When dealing with quadratic functions, finding the vertex is pivotal for understanding the shape and placement of the parabola on a graph. In the standard form of a quadratic equation, which is given by \( f(x) = ax^2 + bx + c \), the vertex's x-coordinate is calculated using the formula \( x = -\frac{b}{2a} \). This formula stems from completing the square, a technique used for transforming quadratic equations.Once you have the x-coordinate, substitute it back into the original quadratic equation to find the y-coordinate. For the function \( f(x) = x^2 - 5x - 6 \), the x-coordinate of the vertex is \( \frac{5}{2} \), and when plugged back into the equation, the corresponding y-value is \( -\frac{1}{4} \). Thus, the vertex is \( \left( \frac{5}{2}, -\frac{1}{4} \right) \).

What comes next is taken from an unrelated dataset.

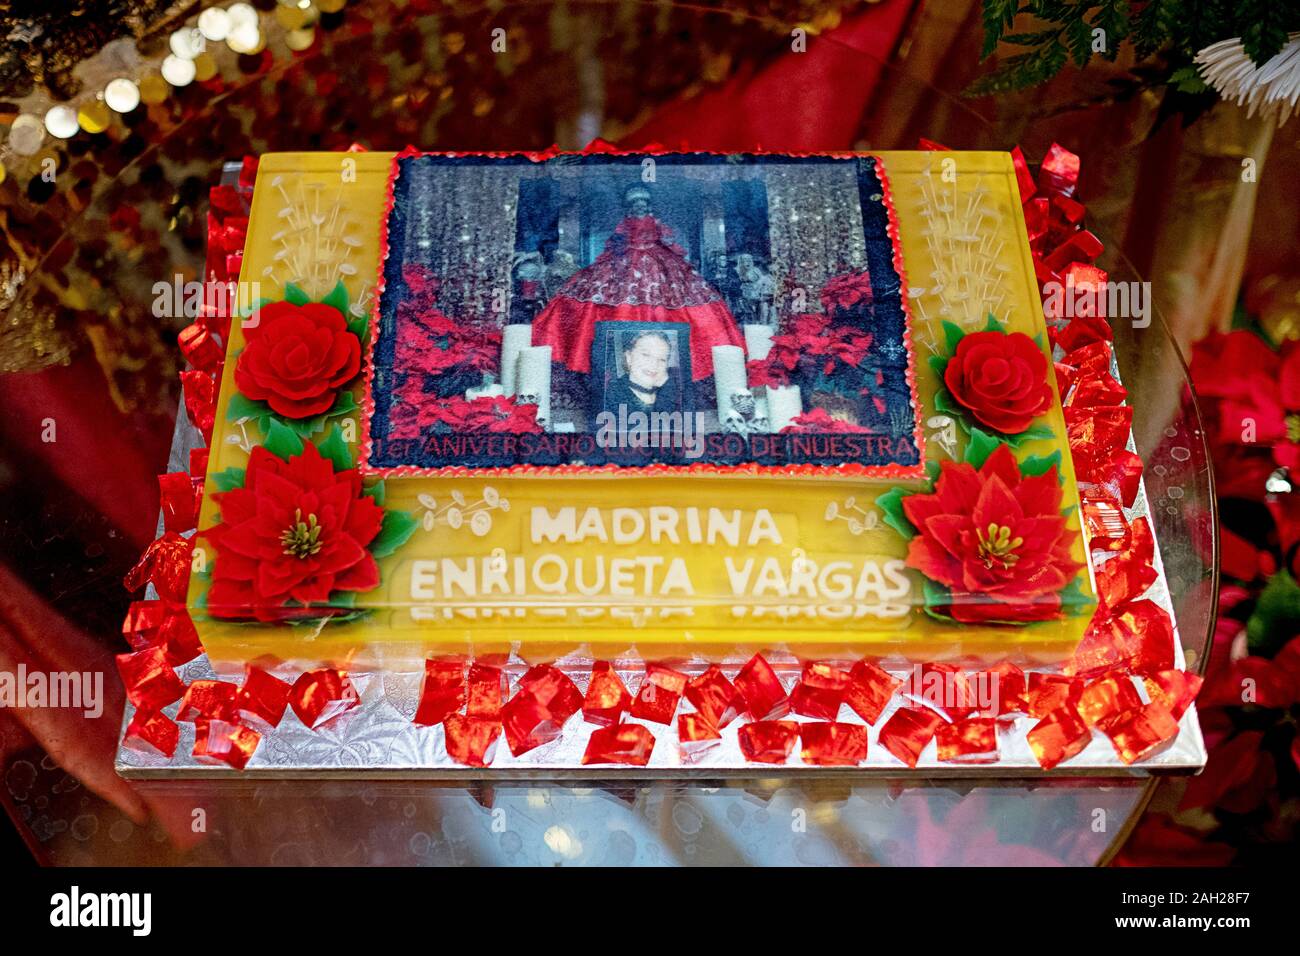 Un appositamente decorate servito dopo un servizio in lutto per l'anniversario del passaggio di Enriqueta Vargas, il leader della Santa Muerte International. Foto Stock

• The vertex provides the highest or lowest point on the graph, depending on whether the parabola opens upwards or downwards.
• In this example, because the coefficient of \( x^2 \) is positive, the parabola opens upwards, making the vertex a minimum point.

The axis of symmetry of a parabola is a crucial line that divides it into two mirror-image halves. For any quadratic in the form \( f(x) = ax^2 + bx + c \), the axis of symmetry can be found using the vertex's x-coordinate, specifically at \( x = -\frac{b}{2a} \).In simple terms, this line runs vertically through the vertex. Knowing this helps in drawing the parabola accurately as every point on one side of the axis has a corresponding point on the opposite side.

• In the quadratic \( f(x) = x^2 - 5x - 6 \), the axis of symmetry is the vertical line \( x = \frac{5}{2} \).
• This line isn't part of the graph itself but guides the reflection symmetry of the parabola.

Intercepts are the points where the parabola crosses the x-axis and y-axis, which are essential for understanding the function's behavior in different regions.

Y-Intercept:

The y-intercept is found by setting \( x = 0 \) in the quadratic equation. For \( f(x) = x^2 - 5x - 6 \), substituting \( x = 0 \) gives \( f(0) = -6 \), so the y-intercept is at the point \( (0, -6) \).

X-Intercepts:

X-intercepts occur where the function crosses the x-axis (where \( f(x) = 0 \)). Solving \( x^2 - 5x - 6 = 0 \) by factoring yields two solutions: \( x - 6 = 0 \) giving \( x = 6 \), and \( x + 1 = 0 \) giving \( x = -1 \).

• The x-intercepts are the points \( (6, 0) \) and \( (-1, 0) \), marking where the parabola touches the x-axis.
• These intercepts help in understanding the width and location of the parabola on a graph.